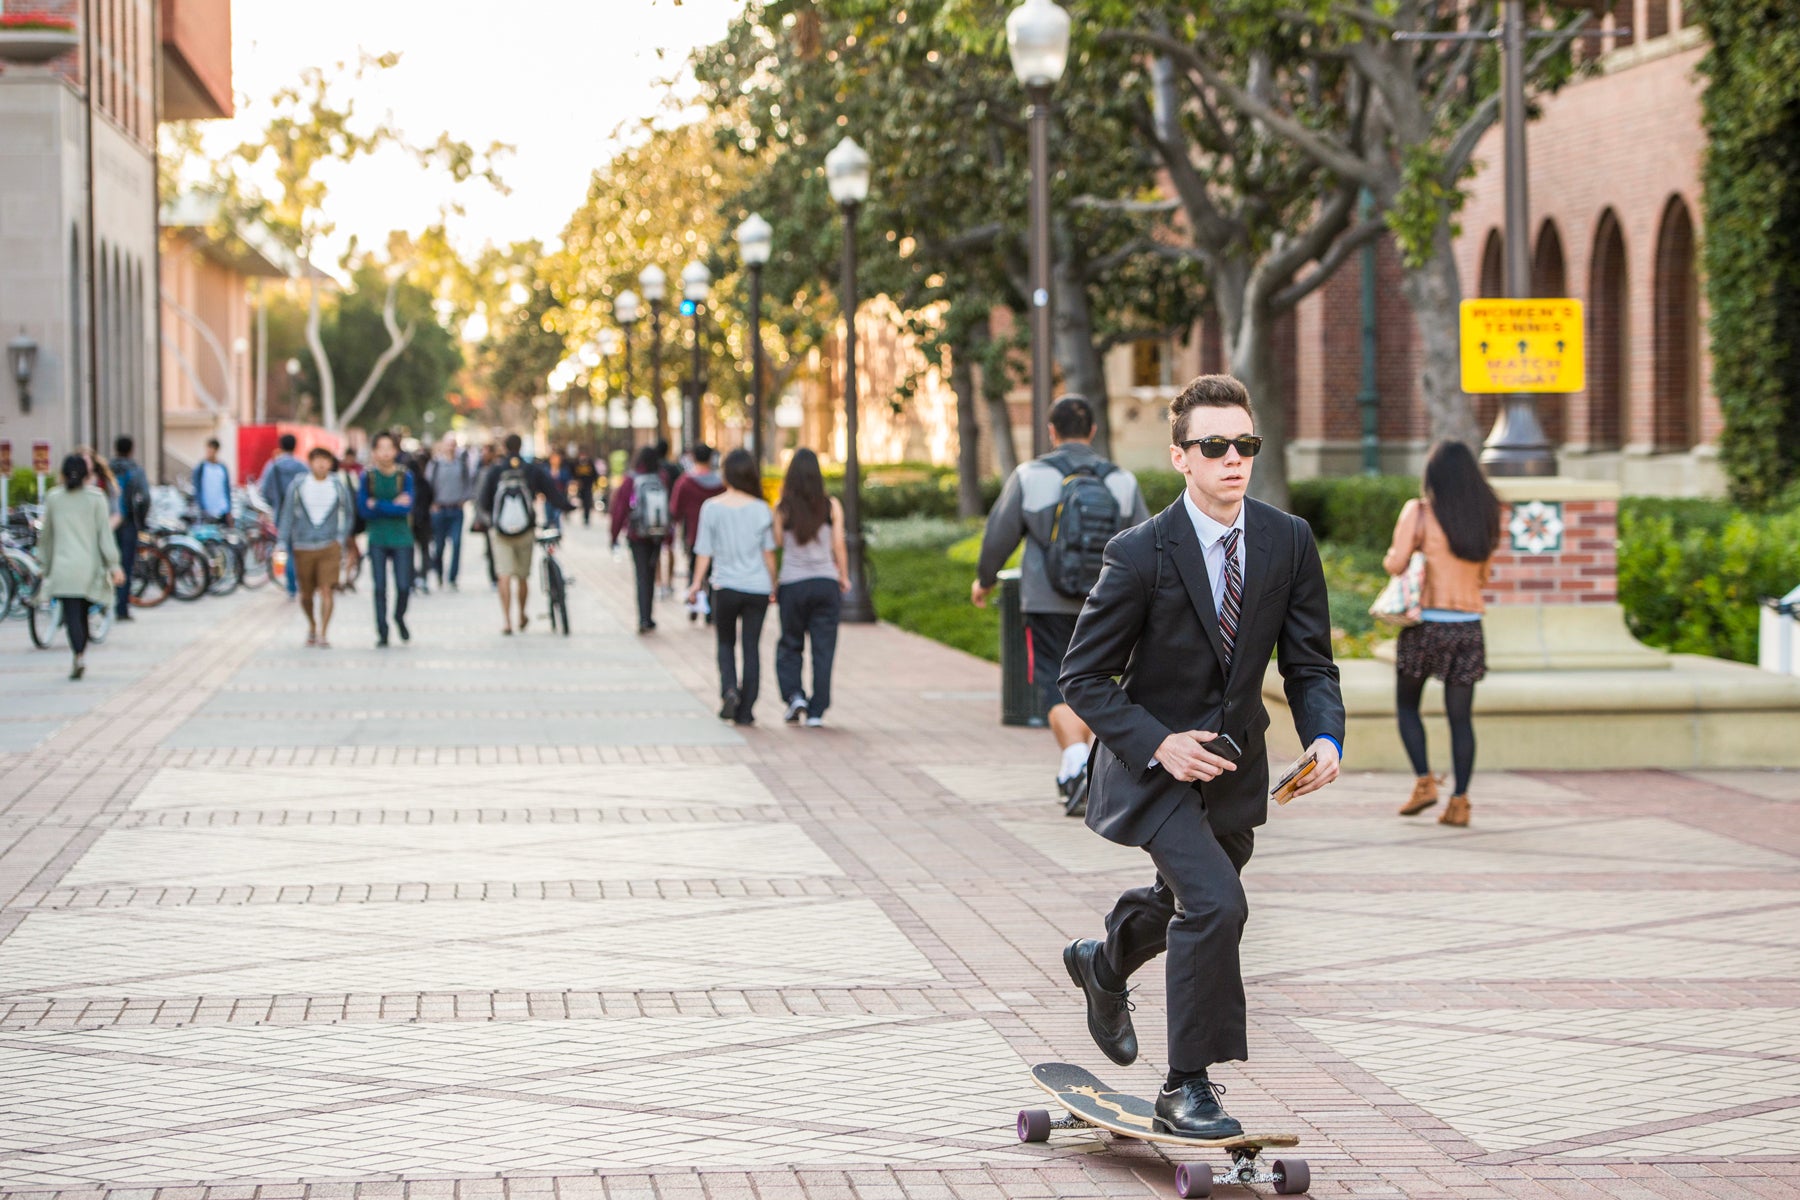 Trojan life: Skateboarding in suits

...

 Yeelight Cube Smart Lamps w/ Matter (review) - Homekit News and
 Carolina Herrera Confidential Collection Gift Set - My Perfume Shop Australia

◆ **BRIEF**
Everything from the line containing "Yeelight Cube Smart" through the line containing "Carolina Herrera Confidential" in the material above should be retyped exactly, both ends included, and nothing more.

◆ **COMPLETED EXERCISE**
 Yeelight Cube Smart Lamps w/ Matter (review) - Homekit News and
 Carolina Herrera Confidential Collection Gift Set - My Perfume Shop Australia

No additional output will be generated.